Find the lines in the listing below that include the word "Ideas", and report how many there are, with nothing more.

→ **DATA RECORDS**
=======
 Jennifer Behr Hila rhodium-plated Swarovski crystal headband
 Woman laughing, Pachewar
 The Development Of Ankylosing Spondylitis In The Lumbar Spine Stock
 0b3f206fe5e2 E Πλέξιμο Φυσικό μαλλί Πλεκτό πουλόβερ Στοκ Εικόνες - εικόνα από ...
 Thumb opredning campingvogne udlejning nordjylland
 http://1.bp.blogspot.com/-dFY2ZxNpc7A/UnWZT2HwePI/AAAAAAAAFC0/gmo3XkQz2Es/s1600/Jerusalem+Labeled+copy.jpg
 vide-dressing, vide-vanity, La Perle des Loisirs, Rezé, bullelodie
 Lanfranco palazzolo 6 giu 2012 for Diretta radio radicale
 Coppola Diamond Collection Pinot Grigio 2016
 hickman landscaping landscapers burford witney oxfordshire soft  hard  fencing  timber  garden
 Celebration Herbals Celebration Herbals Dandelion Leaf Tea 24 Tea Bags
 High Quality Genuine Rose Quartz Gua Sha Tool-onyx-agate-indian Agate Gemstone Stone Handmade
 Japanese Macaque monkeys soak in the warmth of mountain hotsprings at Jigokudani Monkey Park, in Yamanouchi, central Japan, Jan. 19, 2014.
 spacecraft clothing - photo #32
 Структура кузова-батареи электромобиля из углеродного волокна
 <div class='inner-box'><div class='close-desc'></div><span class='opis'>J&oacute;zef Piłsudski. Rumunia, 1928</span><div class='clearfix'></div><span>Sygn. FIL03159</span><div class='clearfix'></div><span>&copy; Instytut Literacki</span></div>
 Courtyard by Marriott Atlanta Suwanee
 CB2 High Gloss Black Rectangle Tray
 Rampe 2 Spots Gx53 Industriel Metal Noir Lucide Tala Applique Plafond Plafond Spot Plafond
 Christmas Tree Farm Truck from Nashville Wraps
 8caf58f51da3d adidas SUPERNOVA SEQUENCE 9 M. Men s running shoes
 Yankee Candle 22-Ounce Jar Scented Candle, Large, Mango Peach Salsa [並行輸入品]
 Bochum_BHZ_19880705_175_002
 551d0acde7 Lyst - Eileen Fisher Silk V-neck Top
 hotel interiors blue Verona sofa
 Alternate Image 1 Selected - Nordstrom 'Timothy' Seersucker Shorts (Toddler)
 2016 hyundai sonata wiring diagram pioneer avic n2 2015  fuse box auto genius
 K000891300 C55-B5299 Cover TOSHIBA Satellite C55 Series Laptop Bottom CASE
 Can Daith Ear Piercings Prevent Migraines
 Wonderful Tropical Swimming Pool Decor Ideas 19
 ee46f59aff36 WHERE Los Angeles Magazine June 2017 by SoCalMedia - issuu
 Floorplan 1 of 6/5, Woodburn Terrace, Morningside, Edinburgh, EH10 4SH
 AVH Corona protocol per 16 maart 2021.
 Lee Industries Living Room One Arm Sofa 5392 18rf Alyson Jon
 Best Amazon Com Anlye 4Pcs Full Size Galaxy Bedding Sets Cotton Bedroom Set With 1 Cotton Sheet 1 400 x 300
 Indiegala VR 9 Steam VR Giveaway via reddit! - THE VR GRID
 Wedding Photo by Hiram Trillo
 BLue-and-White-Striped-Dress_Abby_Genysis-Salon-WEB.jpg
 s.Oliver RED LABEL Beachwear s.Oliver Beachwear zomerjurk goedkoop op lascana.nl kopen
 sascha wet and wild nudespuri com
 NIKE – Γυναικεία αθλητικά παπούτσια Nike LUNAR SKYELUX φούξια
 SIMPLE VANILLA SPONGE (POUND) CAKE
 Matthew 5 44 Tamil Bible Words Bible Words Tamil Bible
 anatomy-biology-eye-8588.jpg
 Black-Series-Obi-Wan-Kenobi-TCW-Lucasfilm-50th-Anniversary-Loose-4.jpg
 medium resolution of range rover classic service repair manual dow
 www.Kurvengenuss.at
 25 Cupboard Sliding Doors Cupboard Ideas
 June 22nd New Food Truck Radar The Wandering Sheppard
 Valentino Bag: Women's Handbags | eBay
=======
→ **SOLVED EXERCISE**
2